Julian Gold
Julian Gold

Reputation: 1286

C# Generics - Lists of collections

I have a hierarchy of classes based on an abstract Device class. The repository of all devices looks a bit like this:

class Hardware
{
    public readonly DeviceCollection<Switch> Switches = ...;
    public readonly DeviceCollection<Light> Lights = ...;
}

where DeviceCollection implements IEnumerable<T> where T : Device.

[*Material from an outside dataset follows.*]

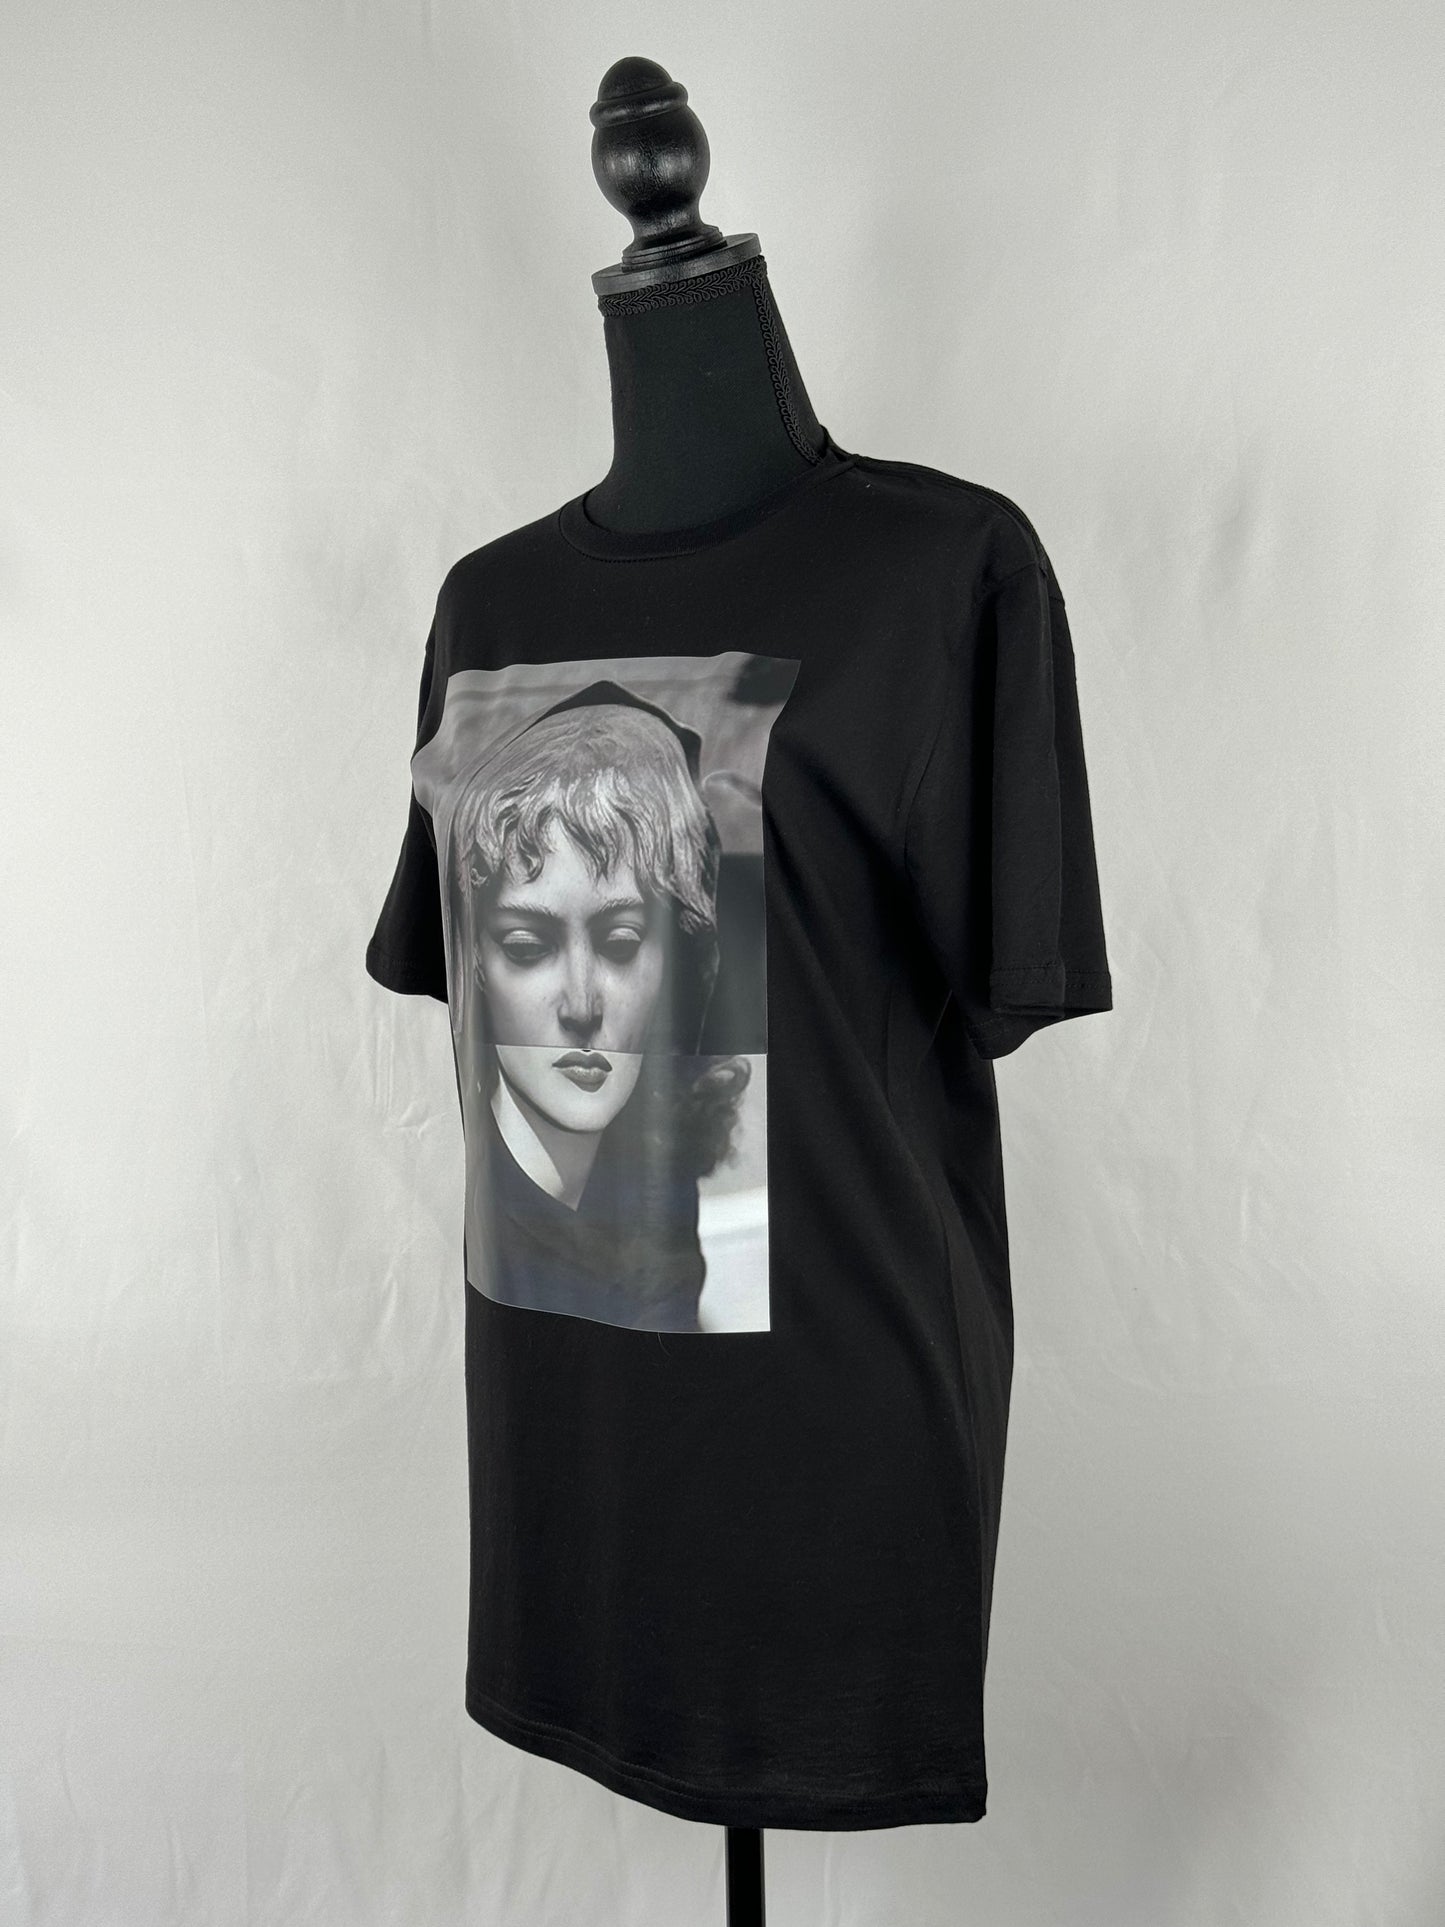 Monochrome Muse Portrait T-Shirt | AdRa Apparel
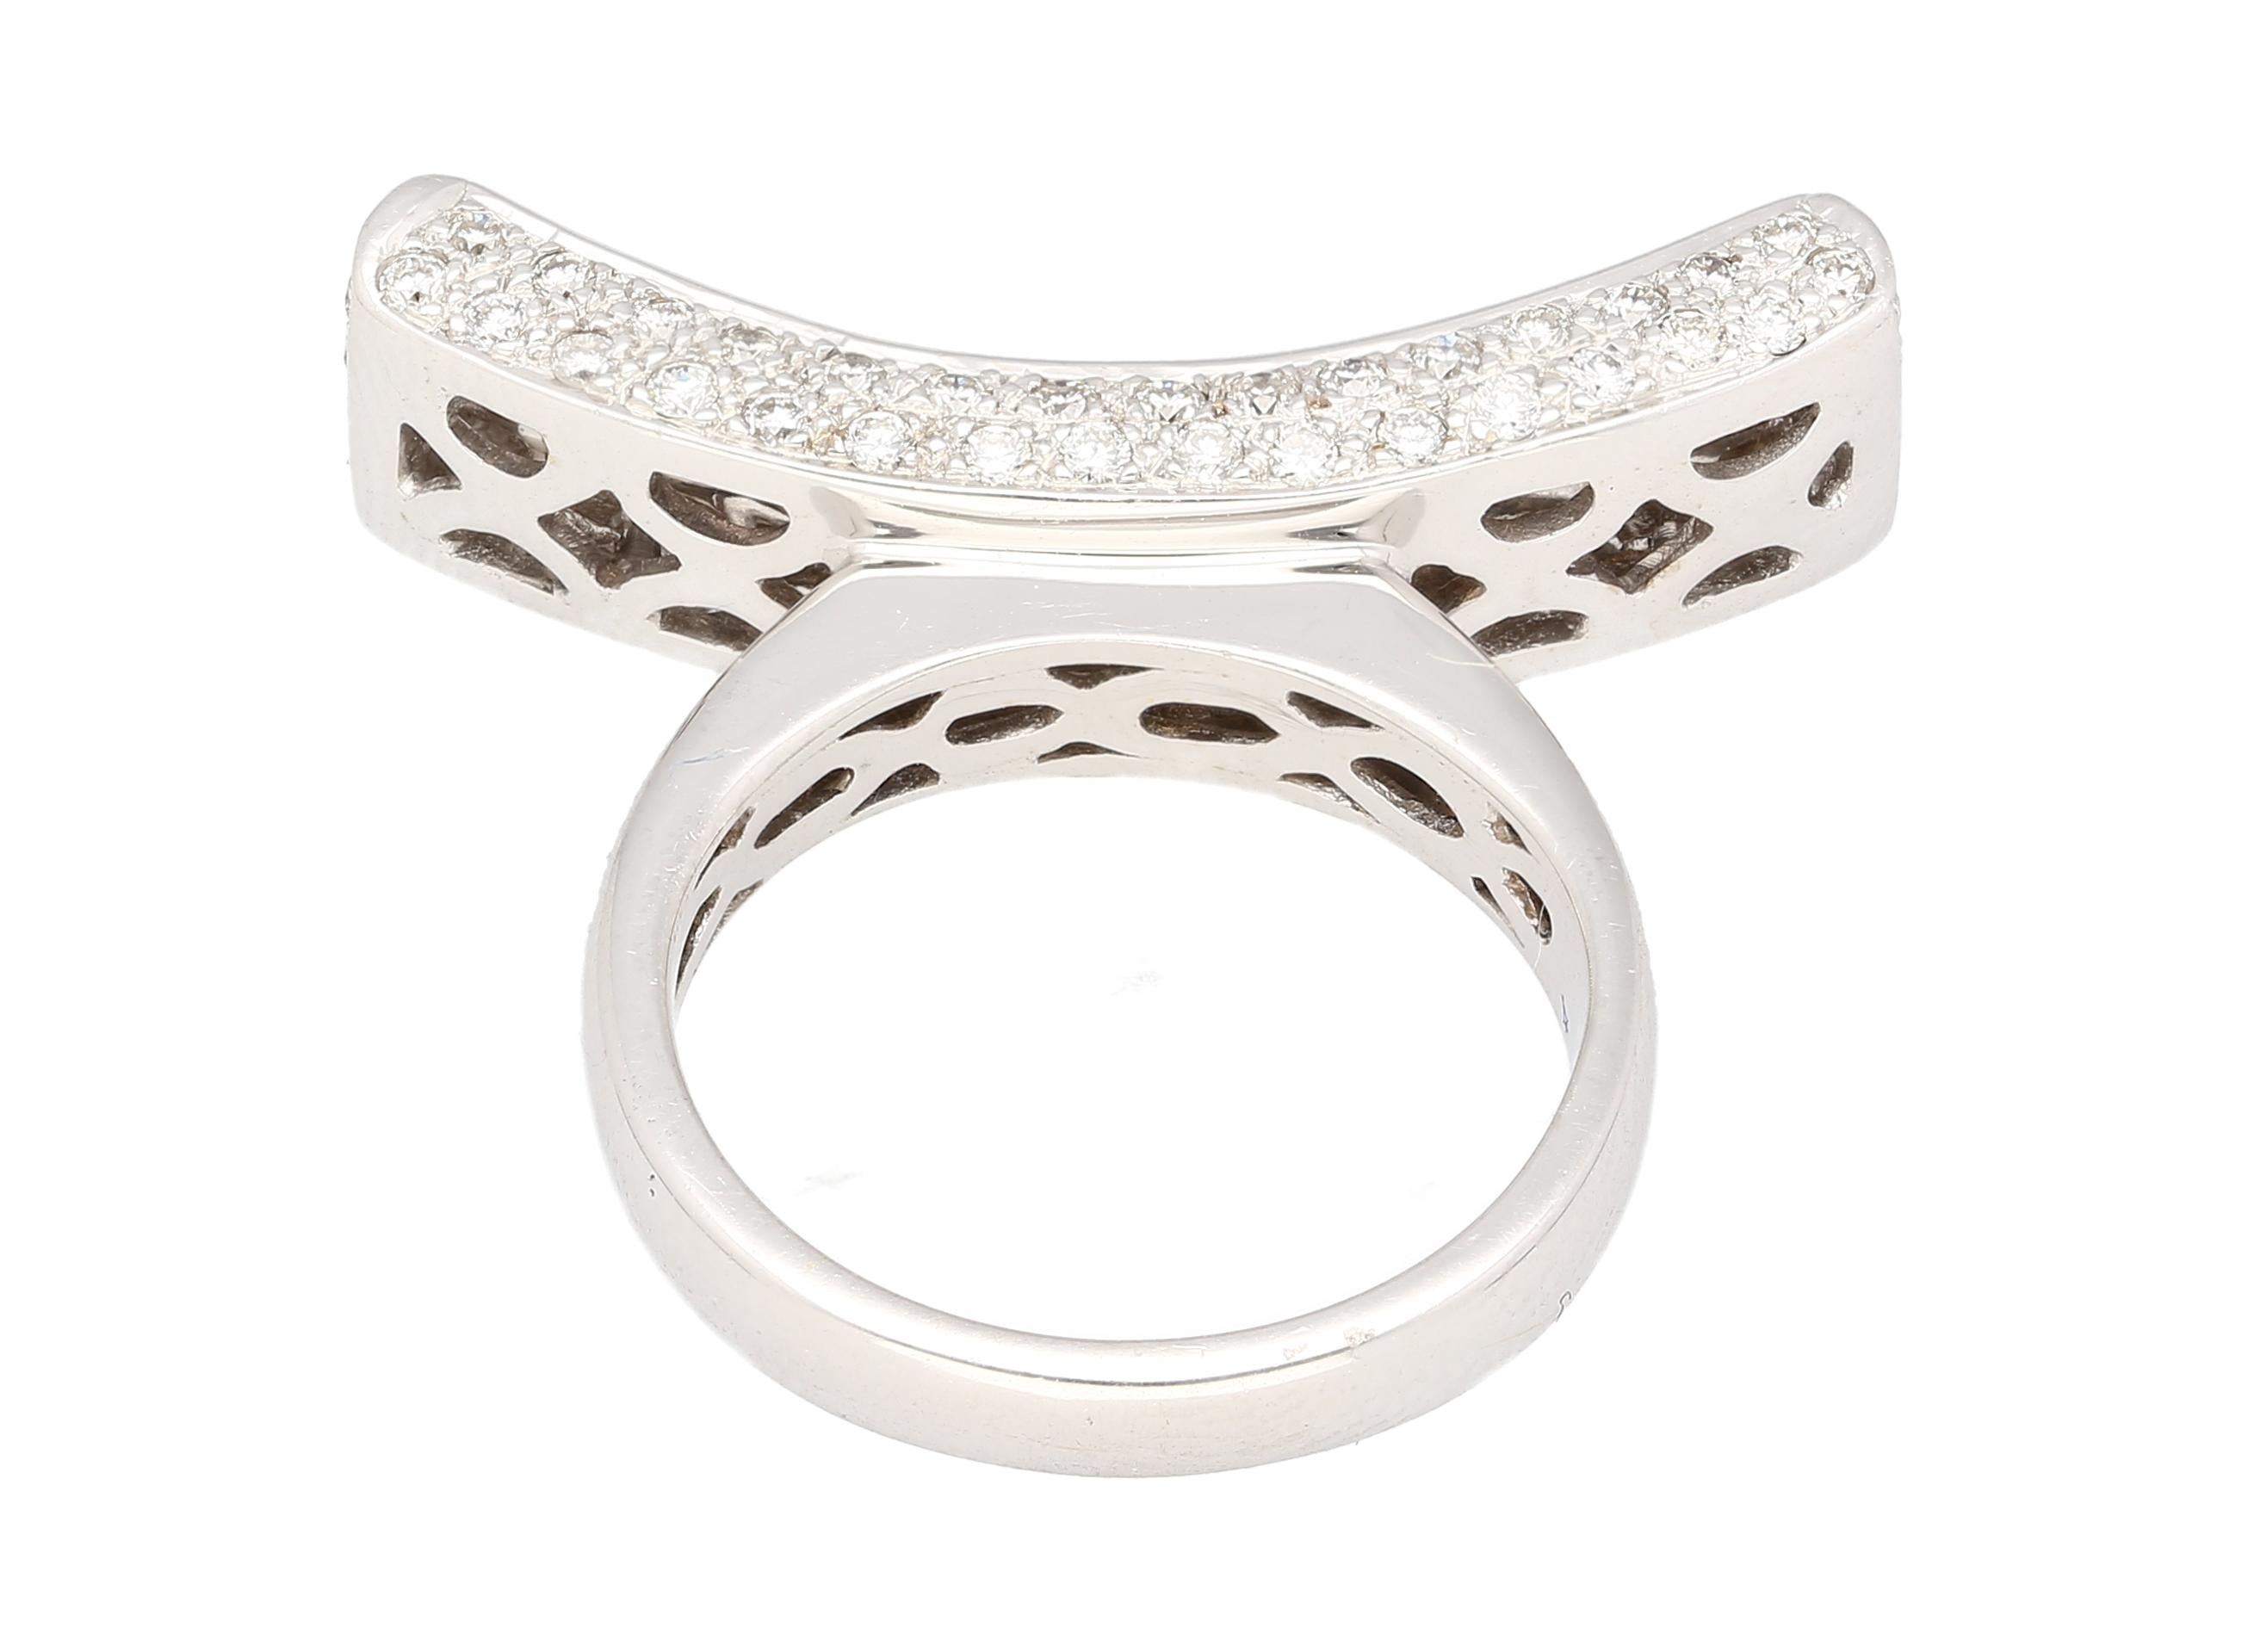 2 Carat Princess Cut Diamond Encrusted Curved Top Overlap Ring in 18K

I need to enumerate across all devices, and my currently crappy code does this

    protected override IEnumerator<Device> enumerate()
    {
        foreach (var light in Lights)
        {
            yield return light;
        }

        foreach (var @switch in Switches)
        {
            yield return @switch;
        }
    }

This is not robust as sometimes I add a new bit of hardware, a new DeviceCollection and it's easy to forget to add a new iteration in the above. So I figured a bit of reflection would help - lazily build a list of the DeviceCollection fields and run through that. But what would the declaration of that list look like?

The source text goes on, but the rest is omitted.